As you for other species, not many are in cultivation, if you have Mandy from me, that's a presumed badhamia species ( BTW it's easier/faster to get colonies from spore with Mandy). Your best bet is to go looking with moist chambers.

I'm updating the guide on my work website but short version - grab likely bits of stuff, put on wet tissue in the dark, check weekly for a couple of months. You're after stuff that's already a bit decayed - twigs & leaves work well, apparently pot plant soils are promising. Success rate isn't bad - 1\4 to 3\4 of chambers eventually show something. Banana skins are appealing according to one paper - but they'll stink up the place something awful. 

Few species actually eat oats (less than 10% according to a 1970s paper) but it's worth a try - your challenge will be finding a colony you can feed, will grow to a reasonable size and survives drying. You'll get a ton of other things of course - protostelids are good to find and cellular slimes will show up (not to mention the sea of actual mould you're letting yourself in for).

Getting an id is difficult - plasmodia are basically impossible, you have to get fruiting bodies, some of them are stunning to look at 

Sorry, I meant that I haven't gotten the hand of growing from spores. I've had sporulation, intentionally and accidentally, multiple times.

I'll look into other species. Thanks!

Thanks!

Wait... so if P. poly is a single cell, how does it produce spores?

Meiosis - they're going from diploid to haploid so halving chromosome numbers, the sex part they do on the opposite side of life cycle as amoebae. The protostelids don't even have the luxury of multiple nucleii - one amoeba, two spores... 

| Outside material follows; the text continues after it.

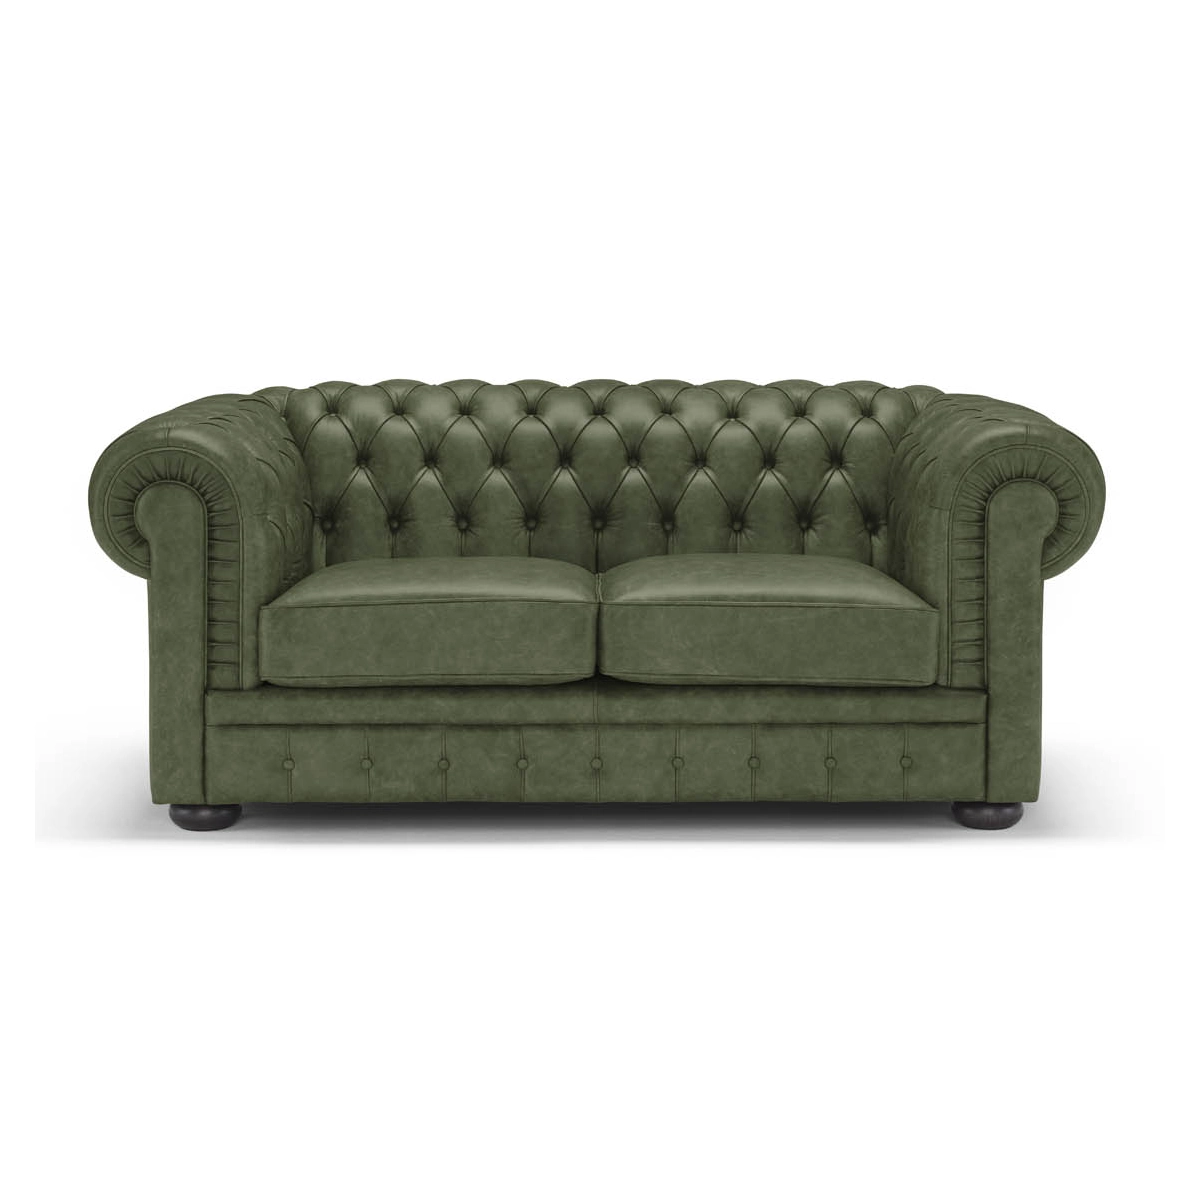 Two-seater leather Chesterfield sofa

I've been thinking of trying to work with dog vomit (Fuligo Septica). Usually pretty easy to find in the U.S.

I've never found fuligo fresh enough to take plasmodium from, no luck from spores. Moist chamber is working for me though - I need to try soil, apparently half the amoeba in soil are actually myxamoebae 

Interesting I didn't know that. Will be out looking soon as winter is over, gonna try the moist chamber too, hoping ill get lucky on hiking trips and find it fresh in the mornings

If you grab any random bits of decaying stuff leave them in a tub on damp tissue, you'll get something, very few will be cultivatable but it's always worth a try. Both of mine came from back gardens rather than out in wilds.